DC named LEED construction capital of the US
Washington, DC, has the most LEED-certified square footage in the U.S., at more than 494 million square feet, according to apartment search website Abodo. Of that, roughly 311 million square feet is commercial and 183 million square feet is residential.
The New York–Newark–Jersey City, NY–NJ–PA, metro area ranked second in LEED-certified commercial space (306 million square feet), followed by Los Angeles–Long Beach–Anaheim, CA, (224 million square feet); Chicago-Naperville-Elgin, IL–IN–WI, (290 million square feet); and San Francisco–Oakland–Hayward, CA, (186 million square feet). Jacksonville, NC; Santa Fe, NM; Fairbanks, AK; Edwards, CO; and Taos, NM, had the most residential LEED projects per capita.
LEED certification accounts for 40% of the country's green construction economic contribution. LEED alone is expected to contribute $30 million to the U.S. gross domestic product by 2018.
Thanks to its bevy of federal projects, DC has become a center of green building activity.
Earlier this month, the District won the world's first LEED for Cities Platinum certification from the U.S. Green Building Council (USGBC) based on its performance across various environmental standards, including greenhouse gas emissions and clean energy innovations.
LEED might be the best-known standard when it comes to green building certification programs in the U.S., but it's not the only one.
The U.K. exported a similar standard to the U.S. last year. The BREEAM (Building Research Establishment Environmental Assessment Method) USA In-Use certification is billed as a lower-cost alternative to LEED. The certification, a joint effort between BREEAM and LEED consultancy BuildingWise, looks at existing, non-residential buildings, analyzes their current green status and provides steps for achieving BREEAM certification.

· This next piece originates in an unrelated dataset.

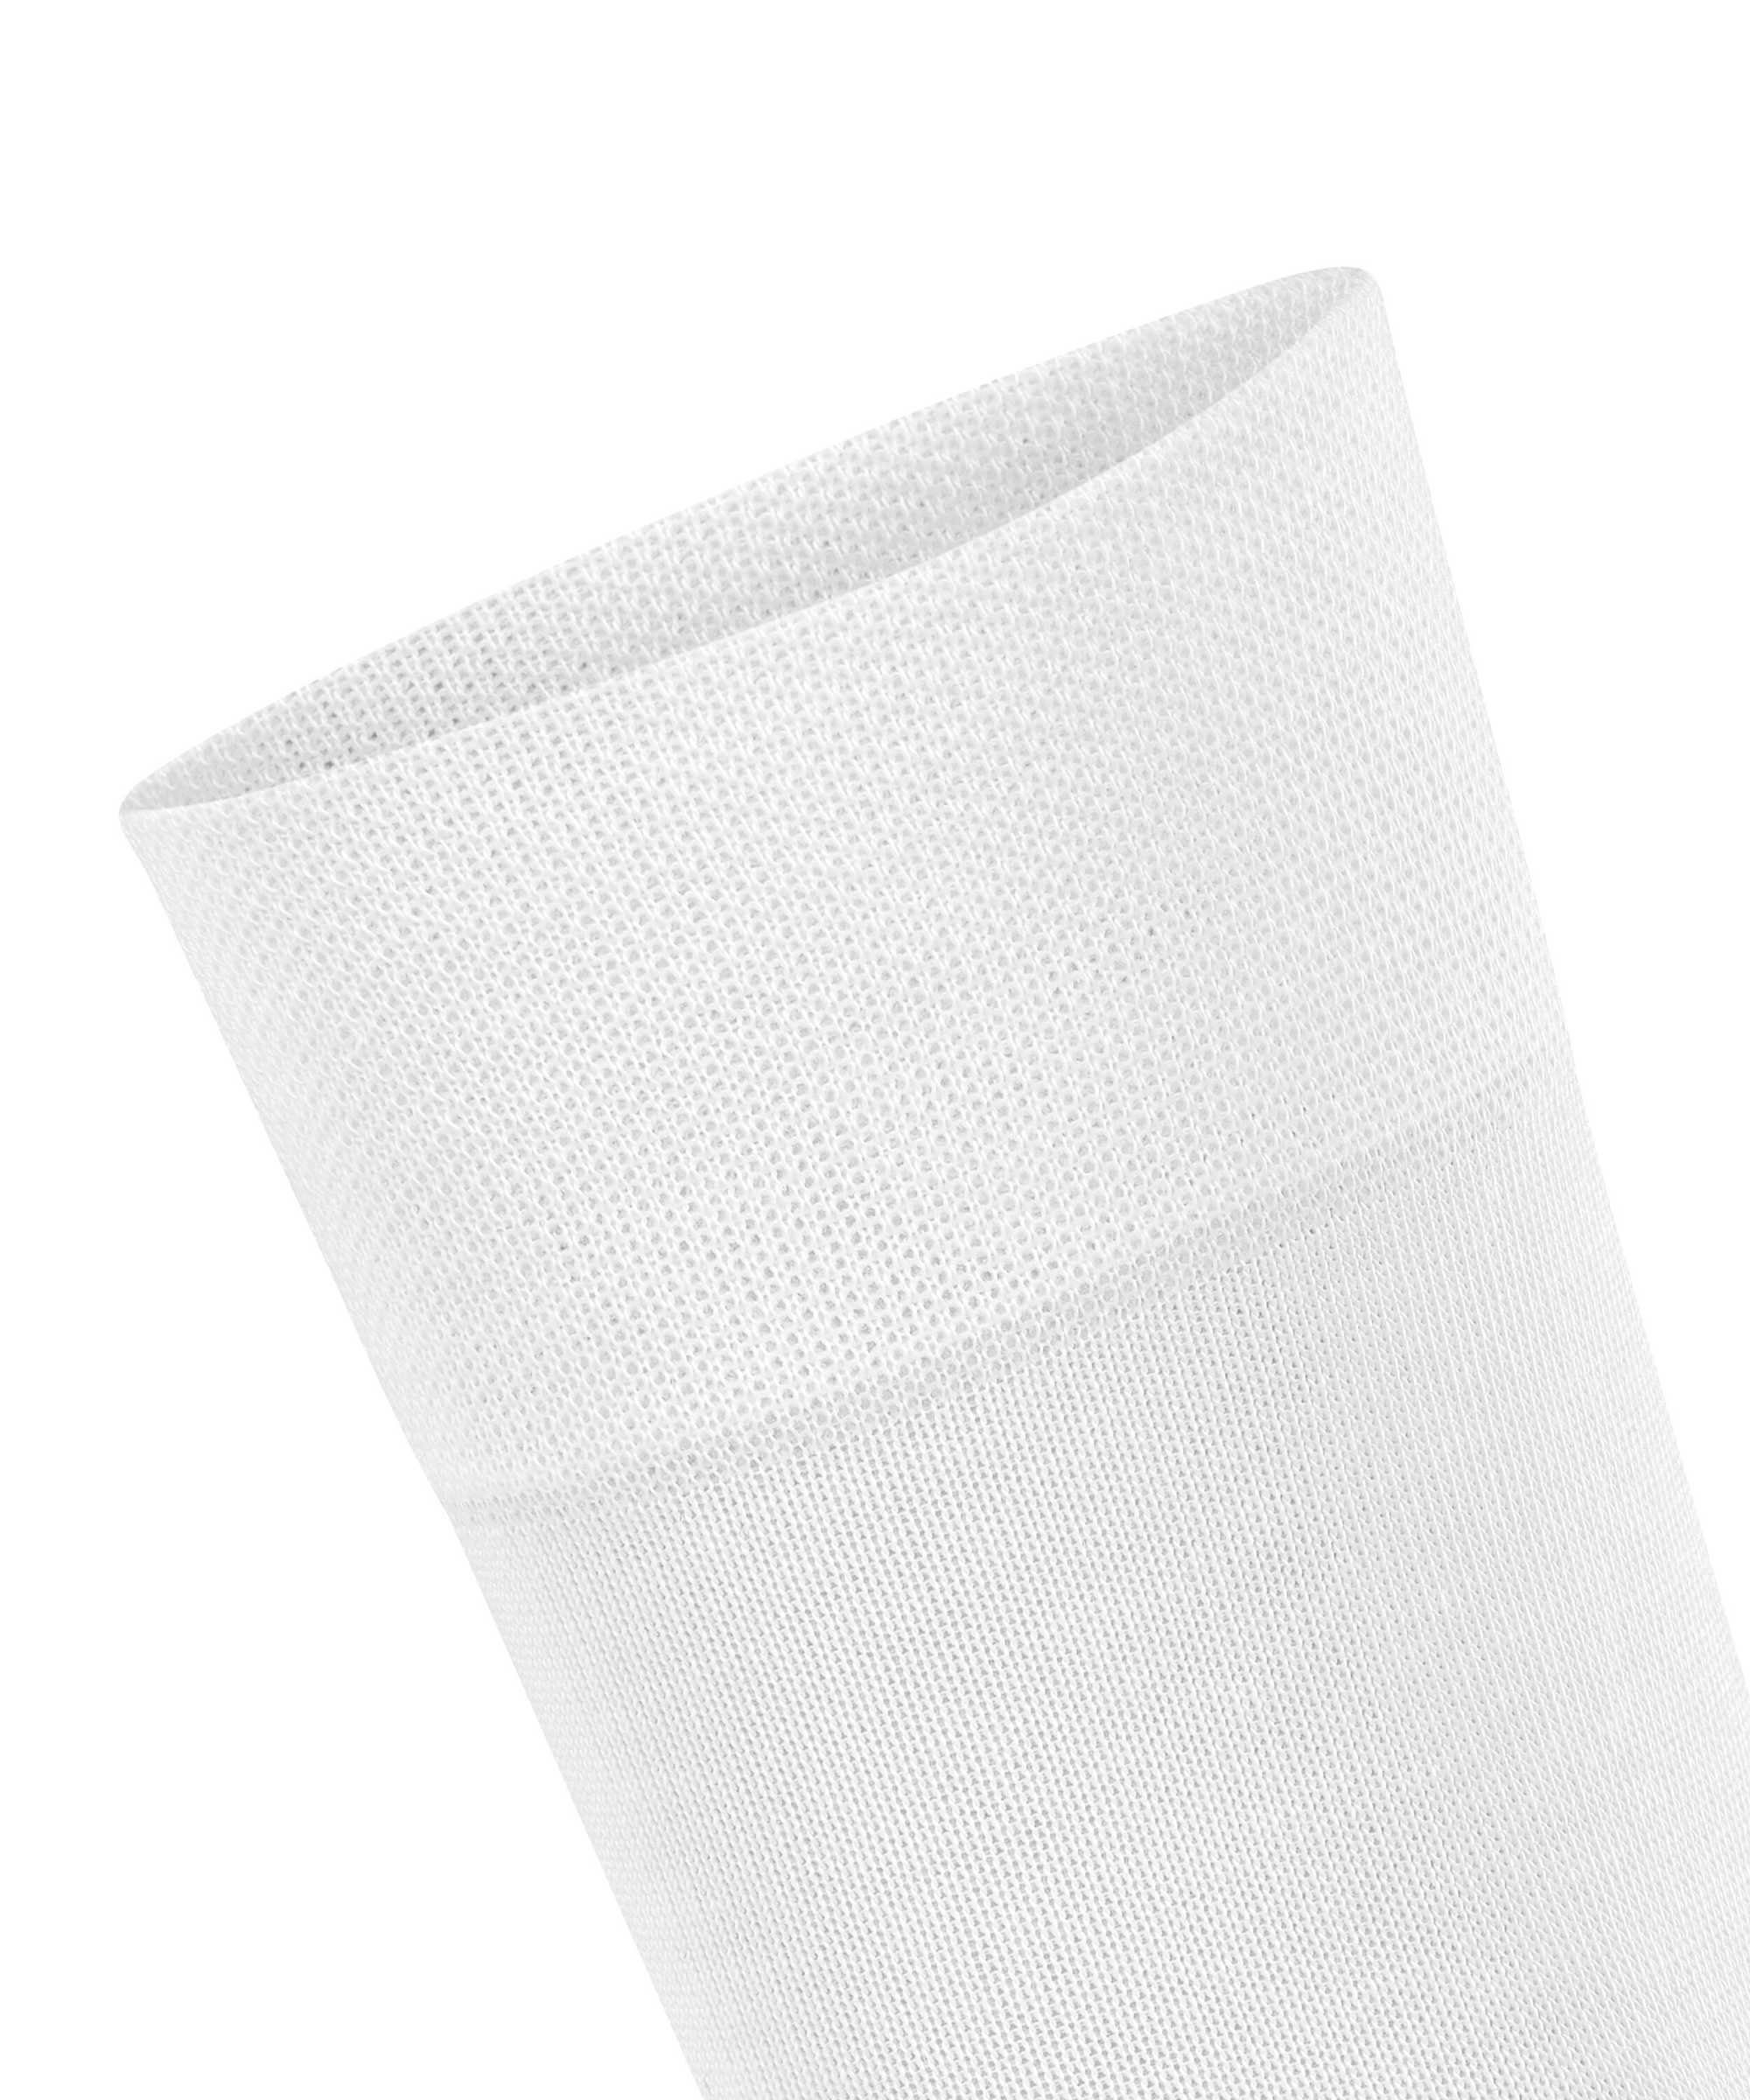 FALKE Kurzsocken New Sensitive - Bündchen, Logo York, Damen Weiß Socken

BREEAM has also partnered with the International WELL Building Institute, which administers the WELL Building Standard. This certification accounts for the physical aspects of a building but also considers occupant health and wellbeing. WELL officials reason that, because people spend the majority of their time indoors, the built environment should contribute to their overall health.
WELL looks a range of elements, from off-gassing by interior materials and finishes, to the quality of food available in vending machines, to how much natural movement is encouraged by the building's design.